As it turns out, not any more–at least not if today is the indication. Rates actually improved today, albeit only microscopically. The interest rate at the top of any given loan quote would be the same as yesterday, but closing costs could be a few bucks cheaper, thus making for a slightly lower “effective rate.”
But catching a break today doesn’t mean we can rule out more upward pressure in the coming days. Ultimately, the next move is most likely to be determined by the economic reports that come out between now and Friday morning. This keeps volatility potential elevated between now and then, with the biggest swings reserved for mid-morning on Friday following the big jobs report.
Loan Originator Perspective
Bonds leveled off today, recouping a modest portion of yesterday’s selloff amid potential Brexit delays.
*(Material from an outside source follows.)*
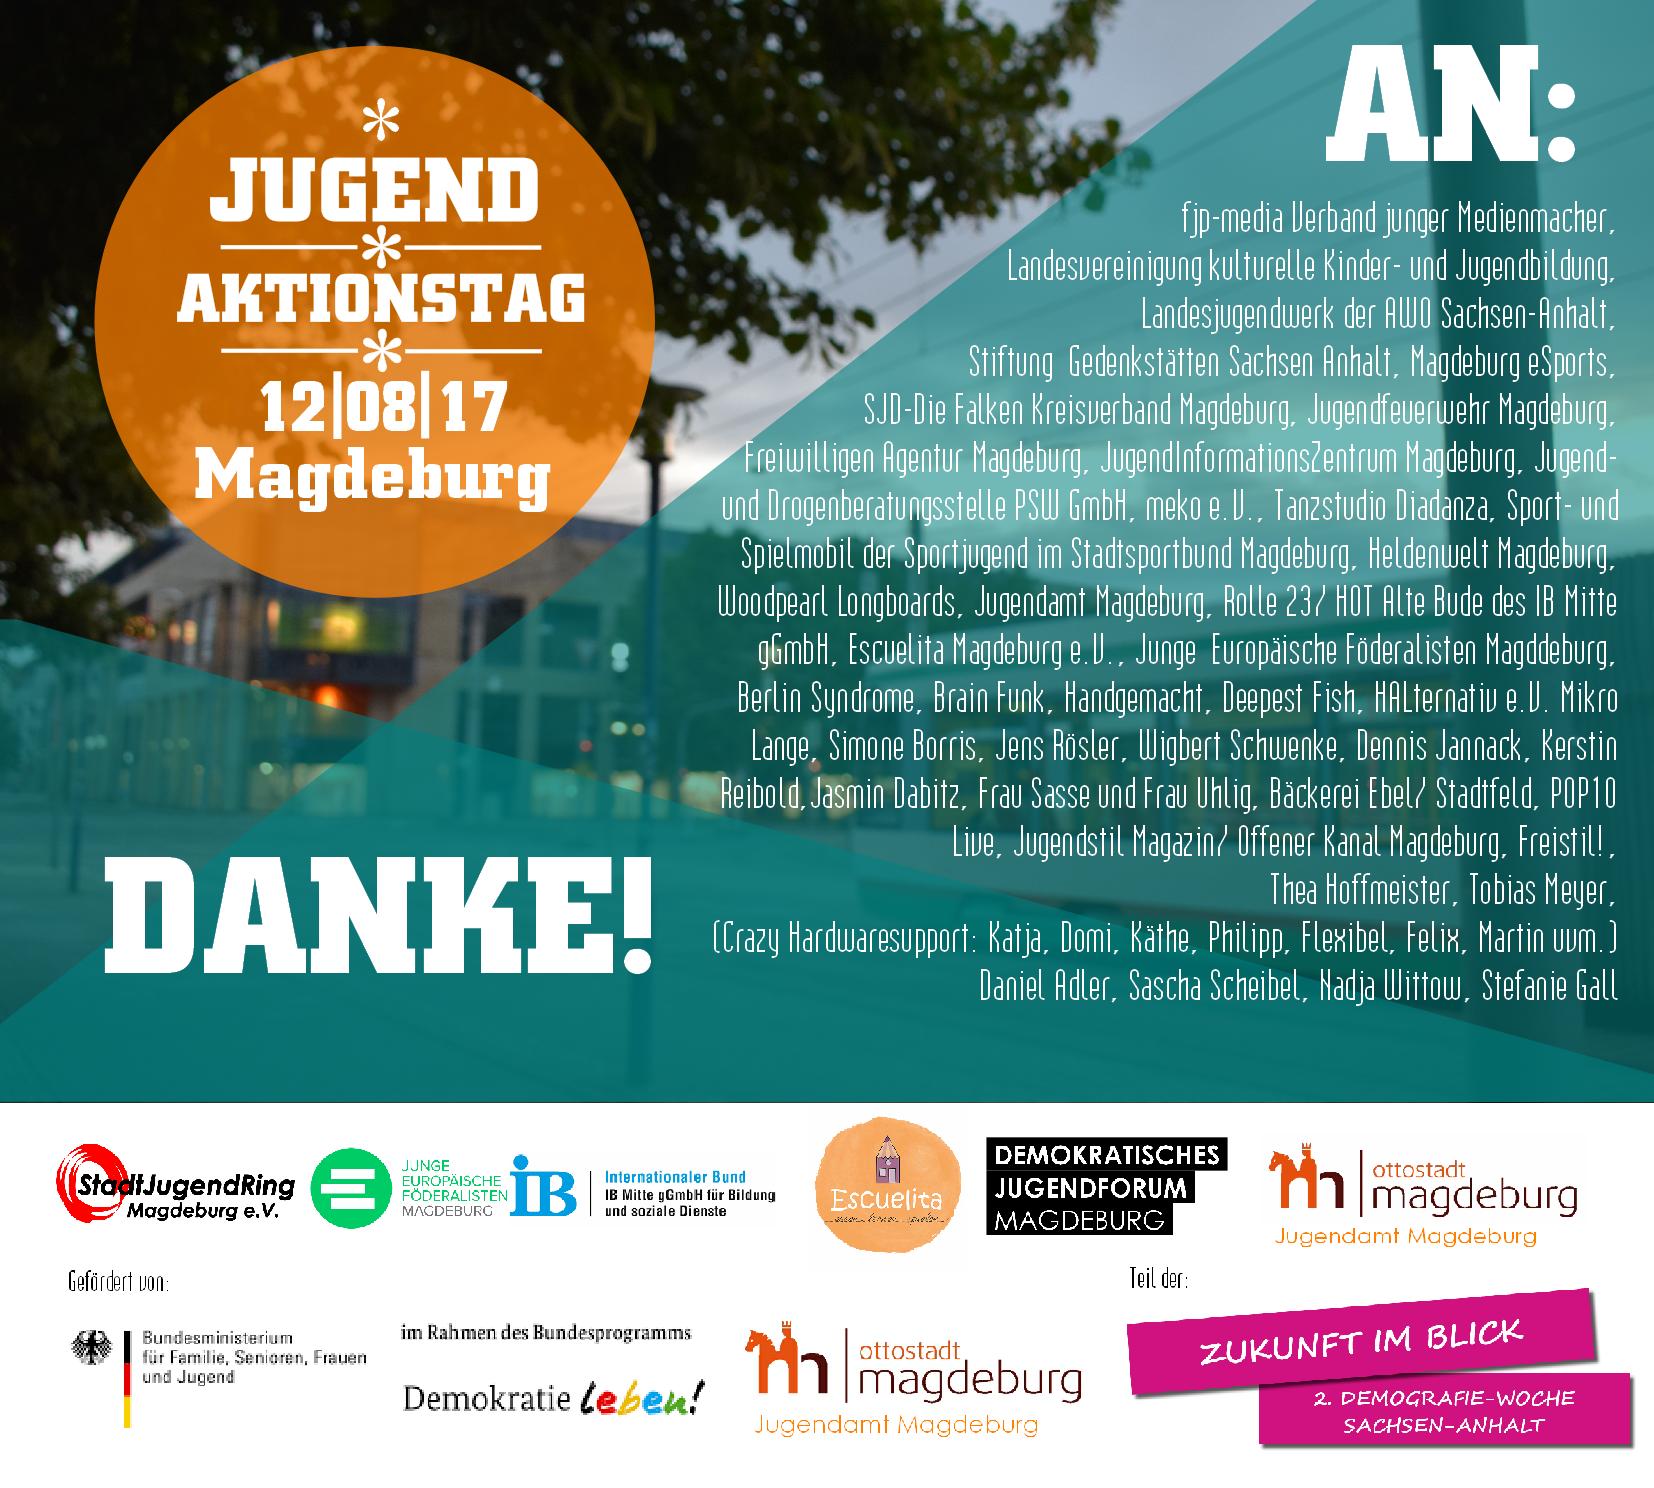 https://www.sjr-magdeburg.de/wp-content/uploads/2017/08/DANKE.png

I’m not ready to pronounce a resumption of our downward rate trend, still locking loans closing within 30 days. –Ted Rood, Senior Originator
Today’s Most Prevalent Rates
- 30YR FIXED – 4.125-4.375%
- FHA/VA – 4.0%
- 15 YEAR FIXED – 3.875-4.00%
- 5 YEAR ARMS – 3.875-4.25% depending on the lender
Ongoing Lock/Float Considerations
- Early 2019 saw a rapid reevaluation of big-picture trends in rates and in markets in general
- The Federal Reserve has been a key player, and while they aren’t the ones pulling the global economic strings, their response to the economy has helped rates fall more quickly than they otherwise might.
- Based on the Fed’s laundry list of concerns, their current outlook for rate hikes and economic growth, and their bond-buying policy shifts, we’ve all but certainly seen the highest rates of this economic cycle in late 2018.
- Rates discussed refer to the most frequently-quoted, conforming, conventional 30yr fixed rate for top tier borrowers among average to well-priced lenders. The rates generally assume little-to-no origination or discount except as noted when applicable. Rates appearing on this page are “effective rates” that take day-to-day changes in upfront costs into consideration.